It's 7:30 a.m. on a Monday and the service request queue already has six tickets from the weekend. A resident's garbage disposal quit Friday night, another unit has a slow drain, and there's a turn to punch out before the new resident moves in Thursday. That's a normal morning at Pallas Townhomes and Apartments in Beaverton, OR, and MG Properties needs a Maintenance Technician who hits the ground running.
MG Properties manages apartment communities across the Western U.S. and has been doing it for over 30 years. Pallas is a 200-plus unit property, so the workload is real. You'll work through a daily service request queue covering plumbing, electrical, appliances, HVAC, and general repairs. You'll handle make-ready turns, which means inspecting vacant units, building a punch list, and getting them rent-ready on schedule. Grounds, common areas, and office spaces are part of your territory too. On-call rotation means you take after-hours emergency calls on a shared schedule, so you need reliable transportation and the ability to respond when something goes sideways at 10 p.m.

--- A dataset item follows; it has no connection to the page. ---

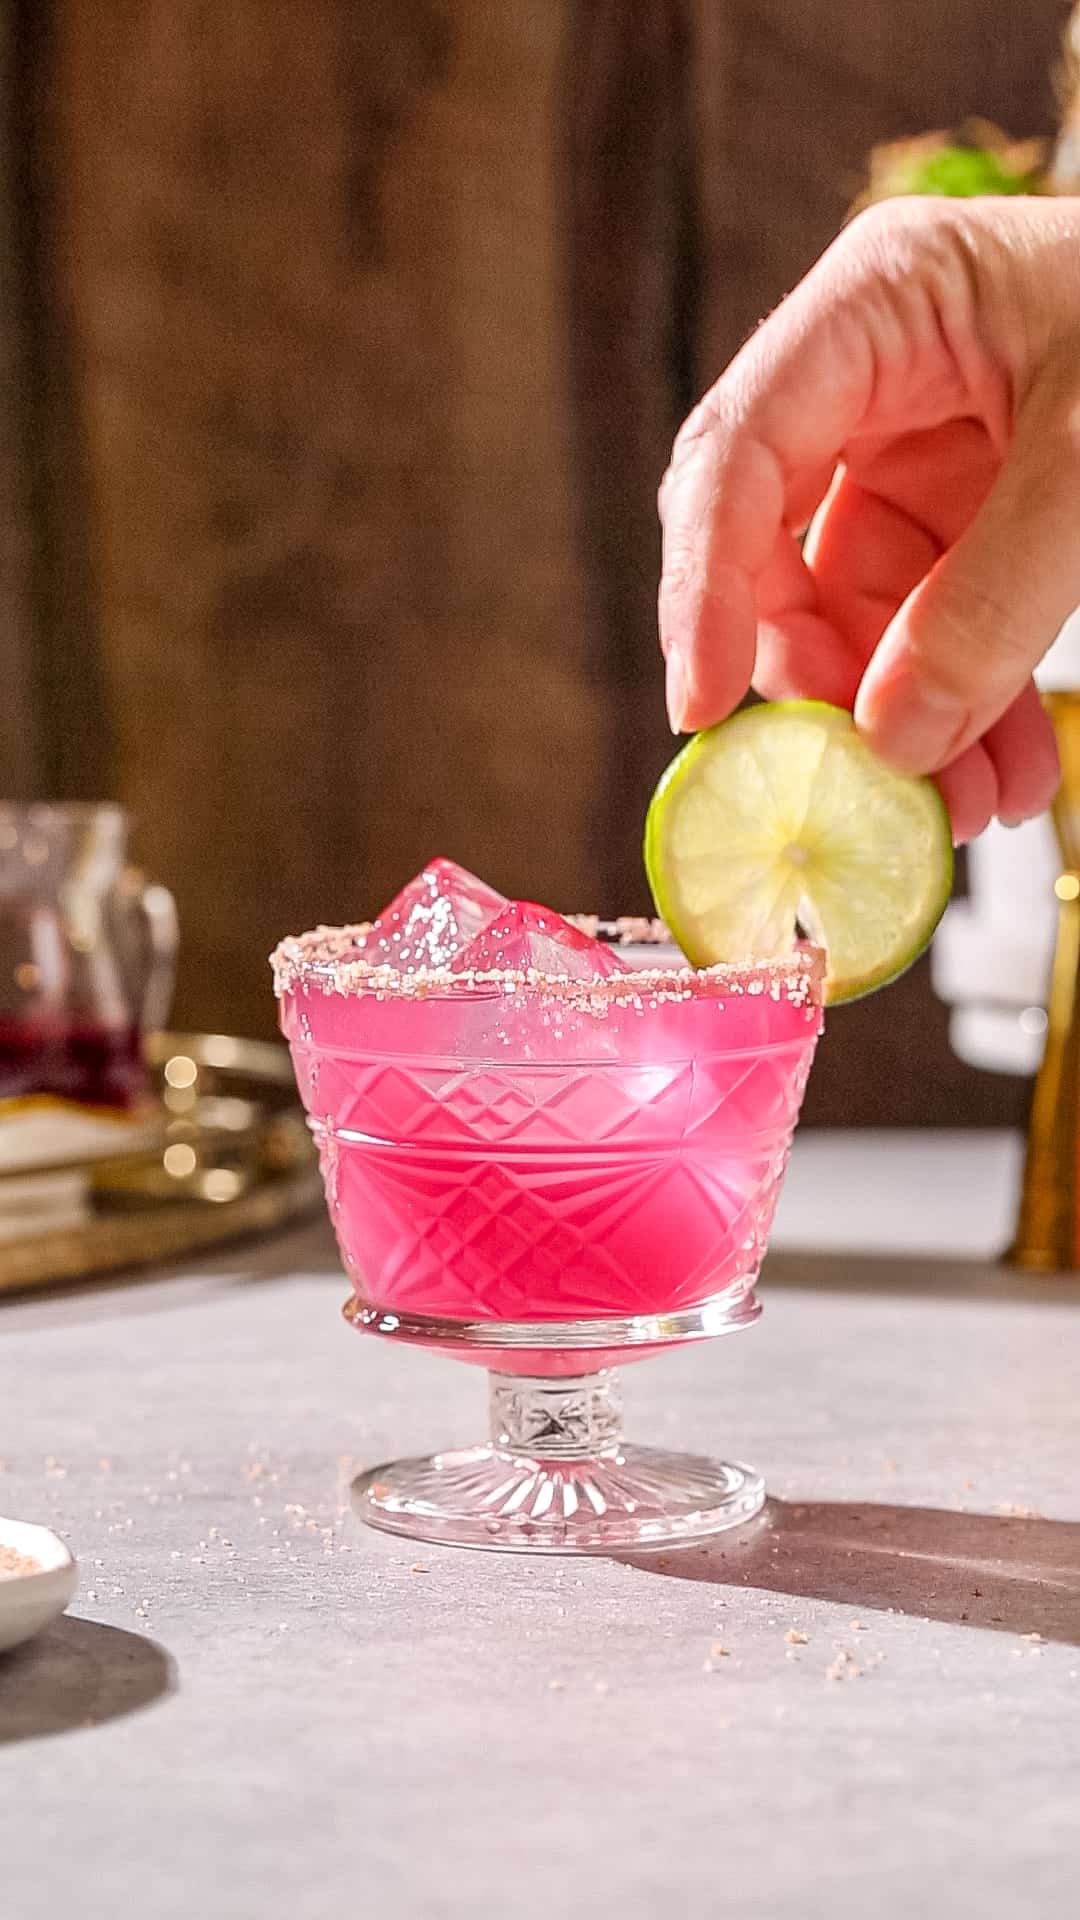 Hand adding a lime wheel garnish to a prickly pear Margarita cocktail.

Customer interaction is a constant. Residents see maintenance staff more than they see anyone else from the management team. A calm, professional approach to service requests matters as much as your technical skills.
MG Properties offers monthly bonuses, company profit sharing, a 401(k) with employer match, and medical, dental, and vision coverage. PTO, paid holidays, personal days, paid sick time, and a rental discount program are also part of the package.
One thing that separates strong candidates in this role: the ability to triage. On a busy property, not every request is urgent and not every urgent request is what the resident thinks it is. Technicians who can assess quickly, communicate clearly, and sequence their day without constant direction tend to stand out fast. If you've worked turns under deadline pressure and managed a service queue independently, you're already ahead of most applicants.